Exercise aim: Write out the data exactly from its first line onward, ending with the line in which "Du suchst die" appears.

Input for this task Start Marker

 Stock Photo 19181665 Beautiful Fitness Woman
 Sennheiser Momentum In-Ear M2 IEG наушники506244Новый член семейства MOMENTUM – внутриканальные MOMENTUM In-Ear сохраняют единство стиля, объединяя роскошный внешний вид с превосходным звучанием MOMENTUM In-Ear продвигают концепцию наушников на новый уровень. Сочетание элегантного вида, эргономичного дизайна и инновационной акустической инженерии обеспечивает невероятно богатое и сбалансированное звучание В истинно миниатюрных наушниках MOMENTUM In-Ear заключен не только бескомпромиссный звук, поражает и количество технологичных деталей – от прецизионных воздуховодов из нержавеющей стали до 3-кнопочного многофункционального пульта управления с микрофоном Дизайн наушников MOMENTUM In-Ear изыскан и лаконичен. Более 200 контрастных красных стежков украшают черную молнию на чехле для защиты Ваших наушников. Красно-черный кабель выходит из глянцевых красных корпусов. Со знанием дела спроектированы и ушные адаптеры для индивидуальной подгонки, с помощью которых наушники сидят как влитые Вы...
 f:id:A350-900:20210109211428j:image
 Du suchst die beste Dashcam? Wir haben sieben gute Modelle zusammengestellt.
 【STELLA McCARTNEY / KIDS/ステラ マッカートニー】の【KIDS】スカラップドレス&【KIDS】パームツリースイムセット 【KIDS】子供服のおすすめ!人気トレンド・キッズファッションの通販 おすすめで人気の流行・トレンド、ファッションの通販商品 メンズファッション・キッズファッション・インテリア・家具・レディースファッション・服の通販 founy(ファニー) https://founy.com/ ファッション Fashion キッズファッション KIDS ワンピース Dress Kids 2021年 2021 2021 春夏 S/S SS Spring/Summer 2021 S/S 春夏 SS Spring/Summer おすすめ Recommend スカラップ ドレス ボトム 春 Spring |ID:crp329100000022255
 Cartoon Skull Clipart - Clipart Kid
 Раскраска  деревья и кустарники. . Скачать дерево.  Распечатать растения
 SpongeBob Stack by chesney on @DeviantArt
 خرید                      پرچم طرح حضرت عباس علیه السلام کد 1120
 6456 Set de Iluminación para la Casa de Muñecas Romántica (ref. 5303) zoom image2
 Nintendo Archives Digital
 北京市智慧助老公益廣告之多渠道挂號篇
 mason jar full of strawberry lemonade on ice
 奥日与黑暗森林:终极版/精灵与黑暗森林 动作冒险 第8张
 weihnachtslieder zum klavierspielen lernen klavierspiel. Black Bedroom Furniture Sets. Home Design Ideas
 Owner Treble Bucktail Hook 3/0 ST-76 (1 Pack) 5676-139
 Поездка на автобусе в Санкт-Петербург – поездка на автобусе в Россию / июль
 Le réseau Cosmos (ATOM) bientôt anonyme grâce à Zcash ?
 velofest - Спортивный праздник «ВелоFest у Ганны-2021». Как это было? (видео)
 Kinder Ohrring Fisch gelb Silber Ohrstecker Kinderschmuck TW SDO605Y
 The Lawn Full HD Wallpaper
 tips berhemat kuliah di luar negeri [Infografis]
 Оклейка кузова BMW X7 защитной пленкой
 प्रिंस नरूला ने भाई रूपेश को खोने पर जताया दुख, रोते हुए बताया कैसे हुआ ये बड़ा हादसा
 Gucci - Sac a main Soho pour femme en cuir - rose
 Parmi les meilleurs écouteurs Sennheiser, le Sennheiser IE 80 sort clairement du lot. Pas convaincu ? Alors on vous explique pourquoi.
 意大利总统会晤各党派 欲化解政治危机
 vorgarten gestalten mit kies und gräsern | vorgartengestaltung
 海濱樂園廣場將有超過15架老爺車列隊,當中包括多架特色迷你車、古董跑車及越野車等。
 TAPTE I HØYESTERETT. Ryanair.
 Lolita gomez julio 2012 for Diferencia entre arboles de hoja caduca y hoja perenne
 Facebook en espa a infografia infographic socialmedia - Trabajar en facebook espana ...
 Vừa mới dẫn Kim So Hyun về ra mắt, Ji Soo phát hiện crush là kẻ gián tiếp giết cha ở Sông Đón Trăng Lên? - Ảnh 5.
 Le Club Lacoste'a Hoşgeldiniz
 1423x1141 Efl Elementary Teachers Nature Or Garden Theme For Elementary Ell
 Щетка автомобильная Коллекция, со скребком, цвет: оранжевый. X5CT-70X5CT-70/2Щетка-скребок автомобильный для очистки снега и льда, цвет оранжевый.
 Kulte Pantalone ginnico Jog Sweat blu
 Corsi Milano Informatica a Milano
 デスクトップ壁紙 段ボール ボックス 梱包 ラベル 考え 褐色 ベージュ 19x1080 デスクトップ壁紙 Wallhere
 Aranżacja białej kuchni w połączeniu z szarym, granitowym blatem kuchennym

Input for this task End Marker

Solution to the problem:
 Stock Photo 19181665 Beautiful Fitness Woman
 Sennheiser Momentum In-Ear M2 IEG наушники506244Новый член семейства MOMENTUM – внутриканальные MOMENTUM In-Ear сохраняют единство стиля, объединяя роскошный внешний вид с превосходным звучанием MOMENTUM In-Ear продвигают концепцию наушников на новый уровень. Сочетание элегантного вида, эргономичного дизайна и инновационной акустической инженерии обеспечивает невероятно богатое и сбалансированное звучание В истинно миниатюрных наушниках MOMENTUM In-Ear заключен не только бескомпромиссный звук, поражает и количество технологичных деталей – от прецизионных воздуховодов из нержавеющей стали до 3-кнопочного многофункционального пульта управления с микрофоном Дизайн наушников MOMENTUM In-Ear изыскан и лаконичен. Более 200 контрастных красных стежков украшают черную молнию на чехле для защиты Ваших наушников. Красно-черный кабель выходит из глянцевых красных корпусов. Со знанием дела спроектированы и ушные адаптеры для индивидуальной подгонки, с помощью которых наушники сидят как влитые Вы...
 f:id:A350-900:20210109211428j:image
 Du suchst die beste Dashcam? Wir haben sieben gute Modelle zusammengestellt.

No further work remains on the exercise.